这次自不必说,早有太监先在一侧开始验毒了,其实在此之前,刘瑾也早已命人在御膳房看着,每一道菜,每一个人,都被盯的死死的,就是有人有胆子下毒,也没有这个机会。
朱厚照也确实饿了,这次晚膳虽然丰富,但是却被朱厚照给吃个精光,站在一侧的刘瑾看的是只咂舌,同时还要随时准备递上茶水,让皇上消渴。
吃饱之后,朱厚照先令夏霖退下,因为夏霖一直睡在偏殿,这正殿一直都没有整修,所以今晚的大明天子朱厚照,也只能先委屈一番,去睡偏殿了。
“刘瑾,朕有一事不明,在江南之时,朕听说你和晋商联系紧密,这是怎么回事?”
刘瑾现在作为司礼监掌印太监,自然早就知晓了晋商们在江南疯狂收购余粮的事情,现在朱厚照这般问询,他吓的立即跪倒在地道:“皇上明鉴,臣和晋商们绝无半点联系。”
朱厚照又问道:“是吗?无风不起浪,这事可是内厂告知朕的,你可不要诓我。

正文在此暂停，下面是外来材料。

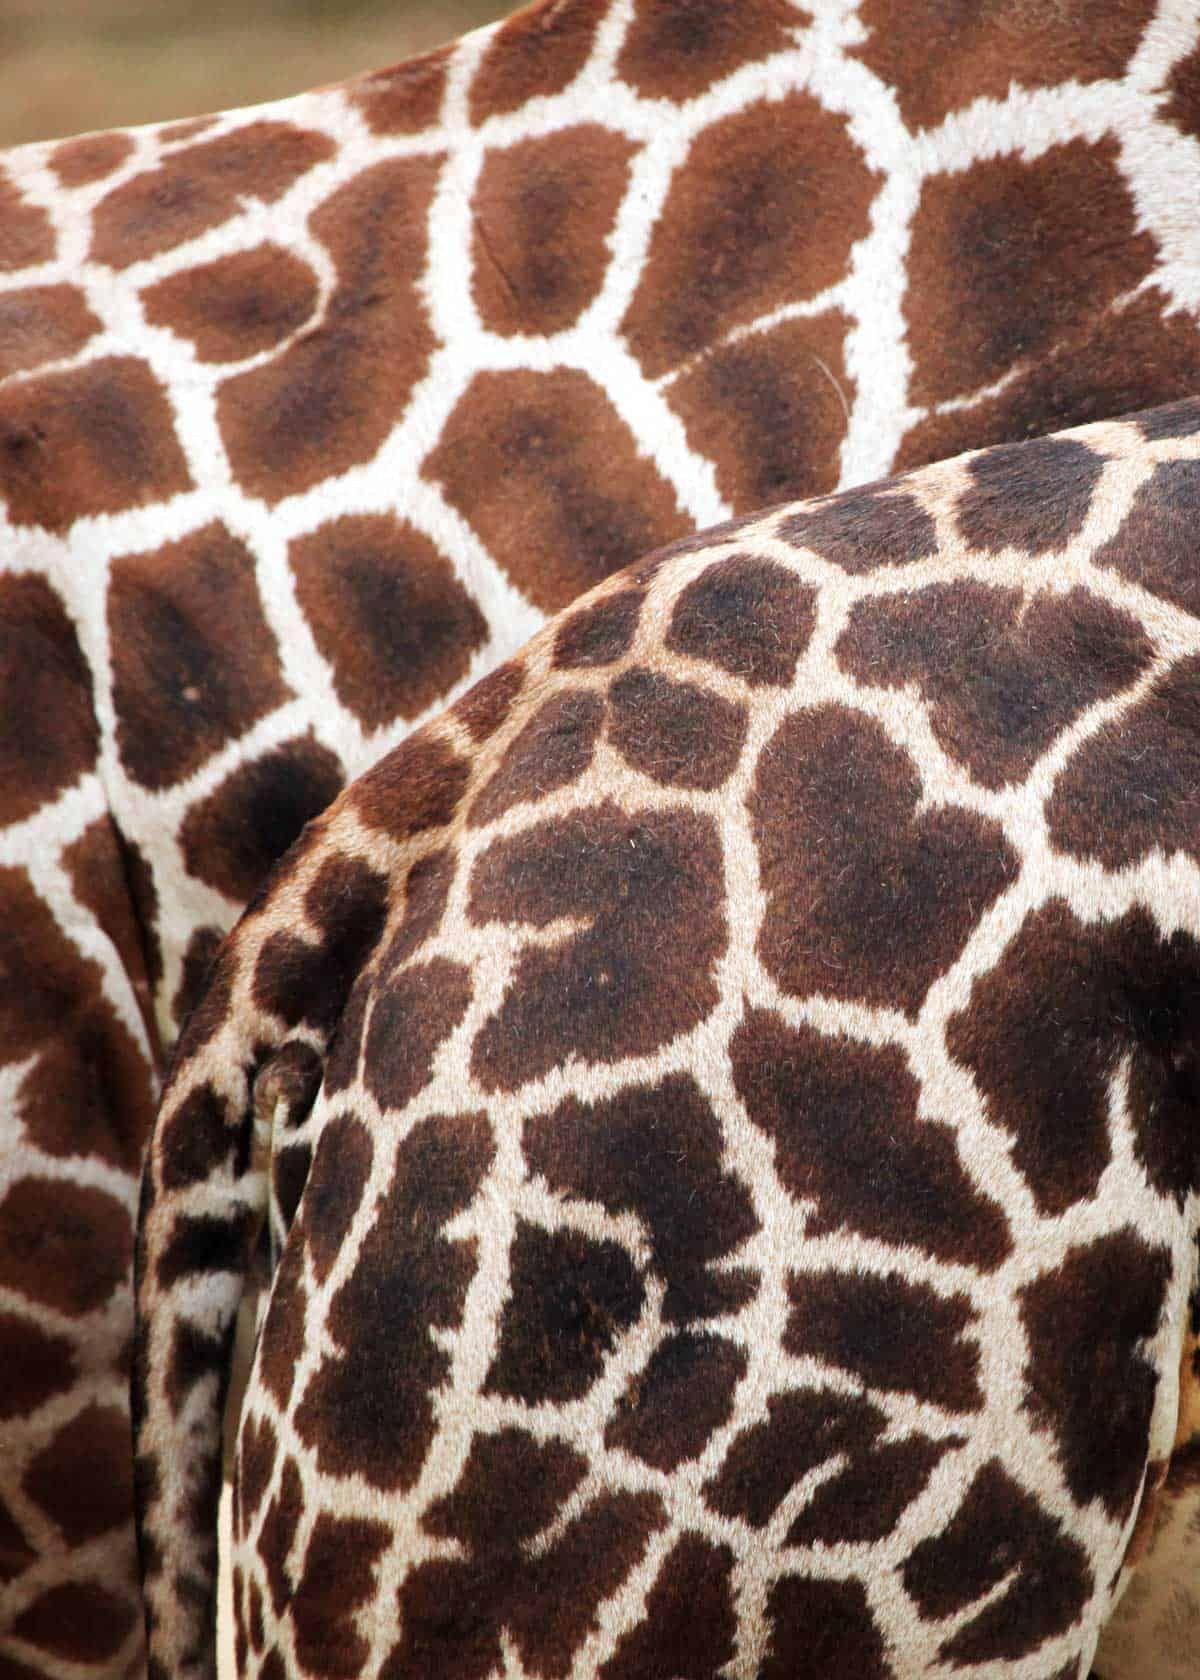 21 Facts About Rothschild's Giraffe (Giraffa camelopardalis rothschildi)
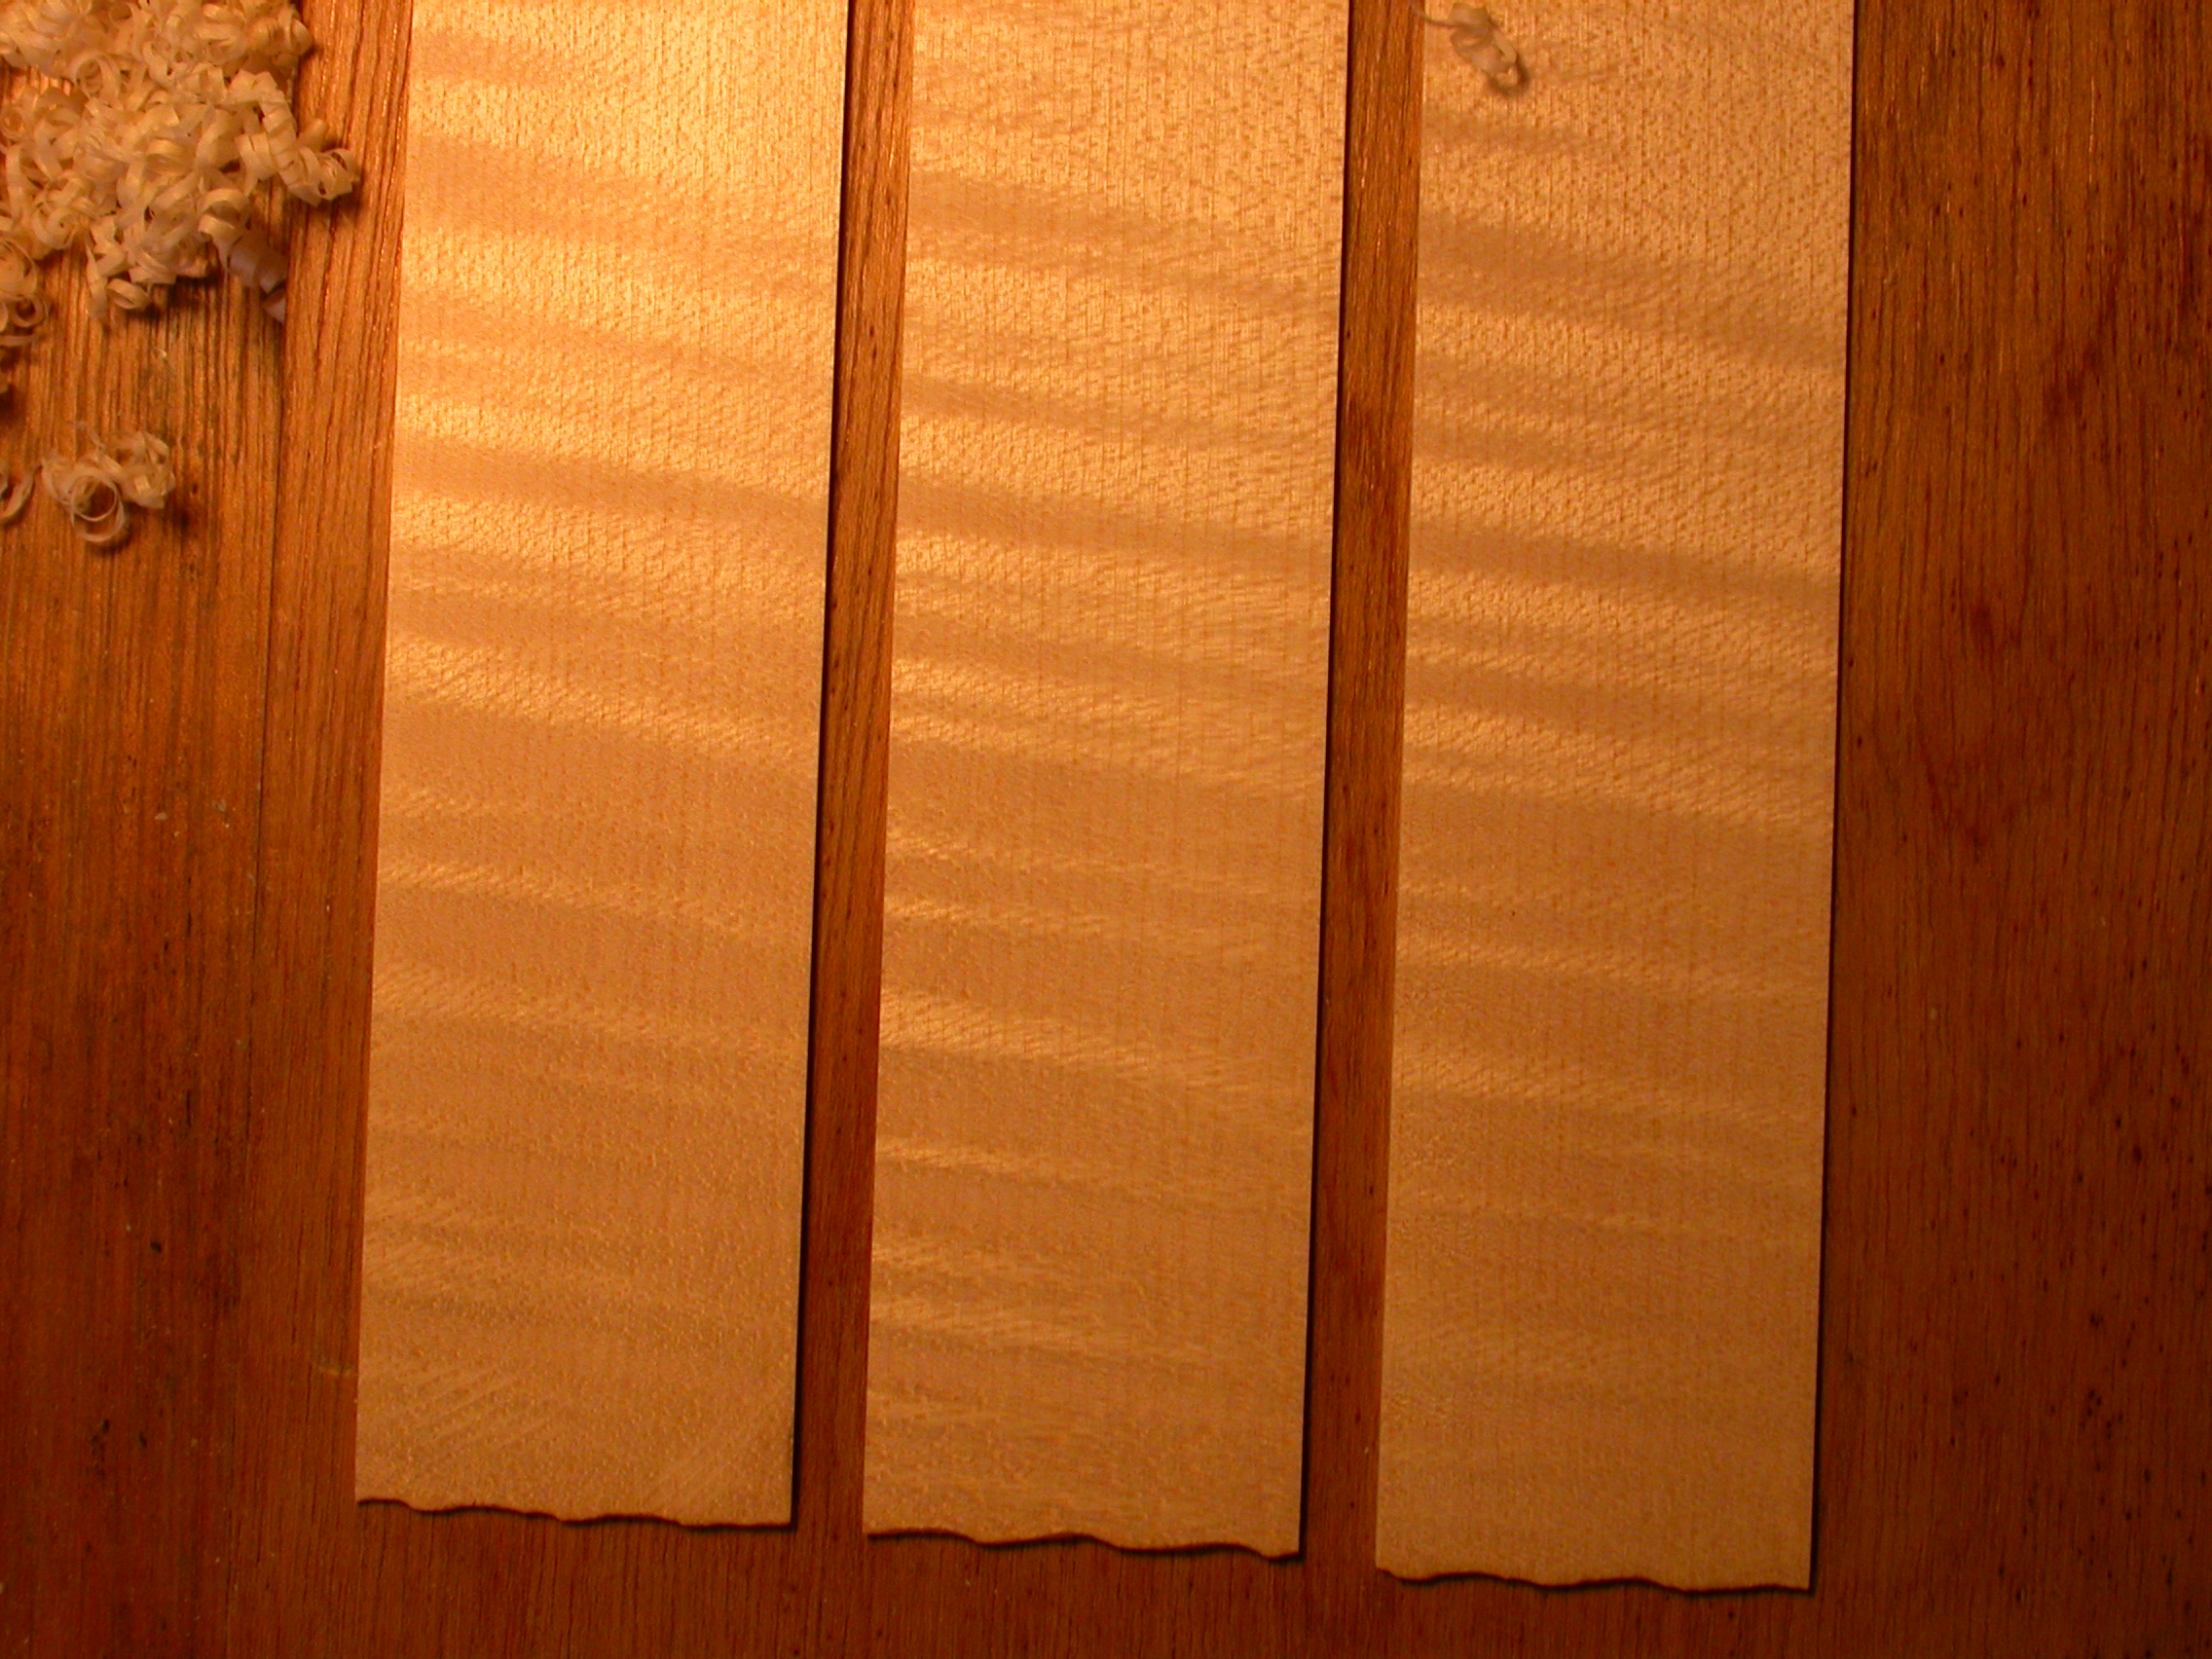 paul wood instrument maker school craft craftsman soon to be instrument curls hi-res

”
朱厚照虽然是用开玩笑的语气说的这话,但是听在刘瑾耳中自然是如五雷轰顶了,他磕头道:“皇上,要说这事和臣有些关系,倒也说的通,但是若说晋商和臣联系紧密,那可真是冤枉臣了啊!”
说着刘瑾将他与晋商之间的那点关联给朱厚照说了清楚。
刘瑾有个哥哥,名叫刘景祥,此人虽然没有多少本事,但是仗着刘瑾在宫里当差,所以经常欺行霸市,做些欺压百姓的买卖,虽然刘瑾当时只是司礼监秉笔,但是这也算是顶大的官了,地方衙门自然不敢管刘景祥,只是睁一只眼闭一只眼,任由他胡闹。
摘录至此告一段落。